Dud Diligence and Integration (Part 1)

This posting is for the C-level executives out there who are doing (or thinking of doing) deals for their small or medium-sized businesses. It is about helping you prevent form from overshadowing substance. It is about details. PS: if details bore you, The Merger Verger humbly recommends your stepping down from the deal business ASAP.

The Merger Verger has seen just a ton of due diligence checklists over the years and found almost all of them wanting … including some that were just pathetic.

Milk Duds! Yippee!Why? Because they are not written by people who run businesses; they are written by people who advise businesses: lawyers and accountants.

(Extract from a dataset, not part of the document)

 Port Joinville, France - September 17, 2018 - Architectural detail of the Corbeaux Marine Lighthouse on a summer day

Let’s be honest here: due diligence checklists are about the details, where God (or the devil) is. A lawyer can make a fine checklist for matters relating to corporate formation or past board meetings. An accountant likewise within his or her purview.

These lists are fine (essential, in fact) for ensuring that you get what you pay for. But when it comes to understanding whether a product is approaching an inflection in its growth curve or the production manager knows the difference between a kaizan event and a tsunami, they ain’t worth squat.

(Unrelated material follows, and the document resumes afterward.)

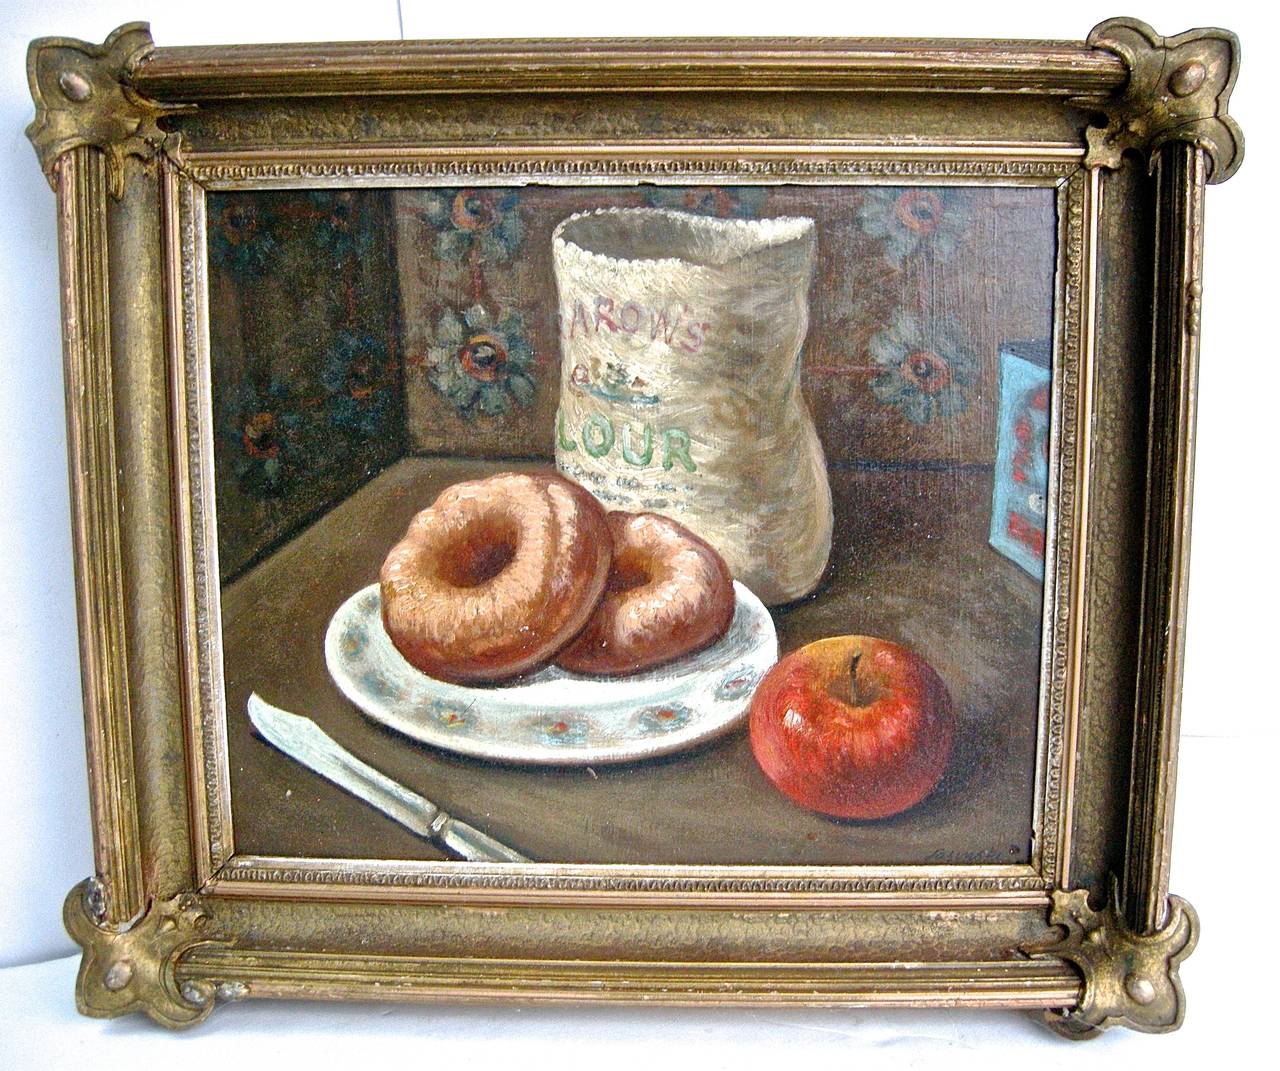 Terrific vintage still life painting. Oil on board, having a whimsical

I was once witness to a classic example of what we could refer to as “Dud Diligence.” Dud diligence occurs when completed checklists become the end rather than the means. The point is not to merely have the information; it is to use it, to understand it so that you make better decisions about your deal and how to make it succeed. In this instance, it was a company’s first overseas acquisition. They had new advisors and placed their own feet on the street only sparingly. The result? Boxes and boxes of information that “hid” massive problems in accounts payable, which, when discovered Hoovered major value out of the deal. I say “hid” because the information was there but a layer or two deep; if anyone bothered to explore the documents the evidence would have been found. But a focus on gathering information rather than on using information left key stones unturned and key problems hidden.

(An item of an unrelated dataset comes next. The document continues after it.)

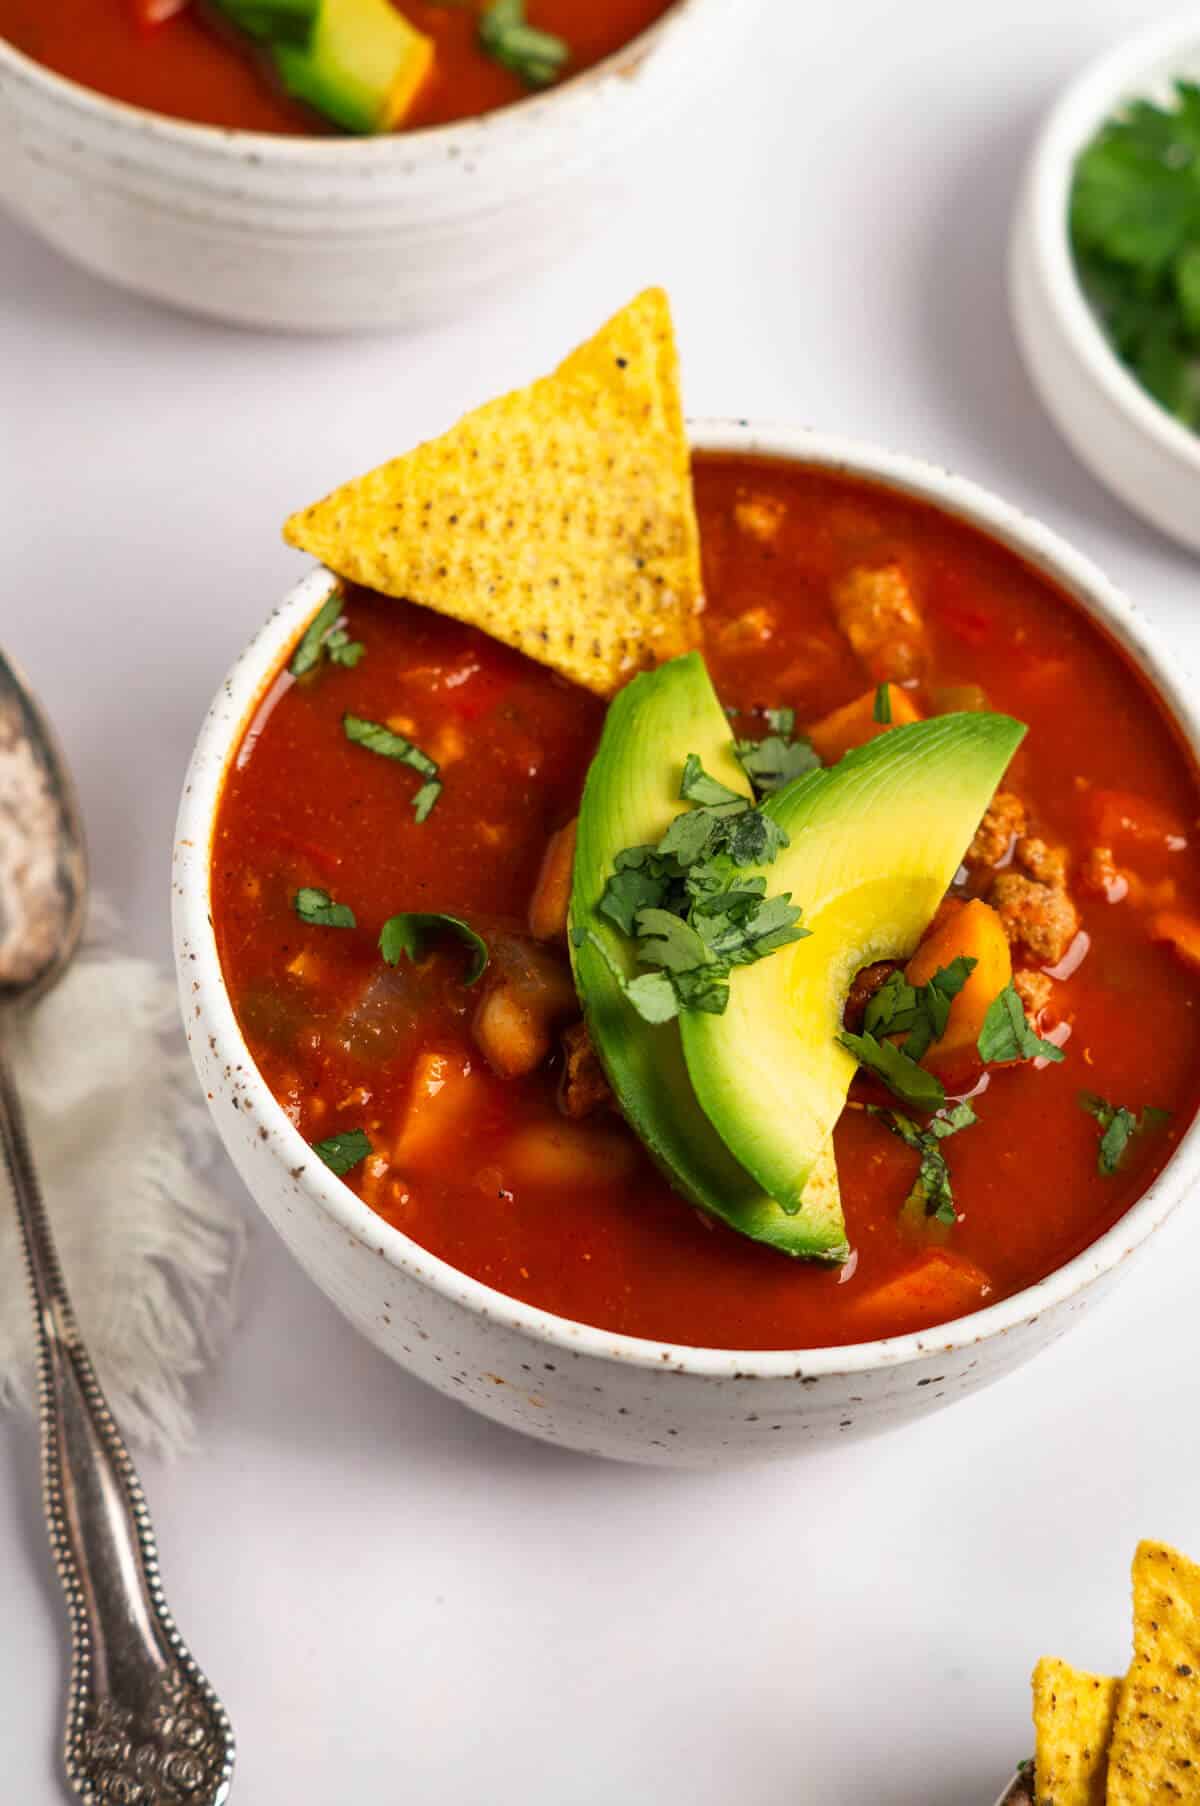 A bowl of turkey sweet potato chili garnished with avocado slices, chopped cilantro, and tortilla chips.

Query: Do your due diligence checklists have places to assign the review and analysis of the information gathered or just a box to tick off when the document has been added to the file? Does your integration process begin early enough for this analysis to be used to recast value or at least get a head-start on integration?

Query: When a target is forthcoming with the majority of your requests and slow with one or two things, do you pay particular attention to those last ones when they do finally come in? Or do you let the pressure of an impending closing lead you to assume that they’re fine. Don’t kid yourself, that delay could be for a reason. Find out.

Cliffhanger: Tune in next time for The Merger Verger’s takeaways on all of this….

1 thought on “Dud Diligence and Integration (Part 1)

  1. I agree wholeheartedly with your position. Too often due diligence is focused on getting information the checklist, and that’s good from a backward perspective for legal and finance, but doesn’t tell you anything about how the companies will combine or if anyone is even interested in the result. And just getting the information without using it and looking for what they don’t want you to know, is a waste of effort. That’s why I’m a big proponent of Forward Looking Due Diligence, or better known as Strategic Due Diligence.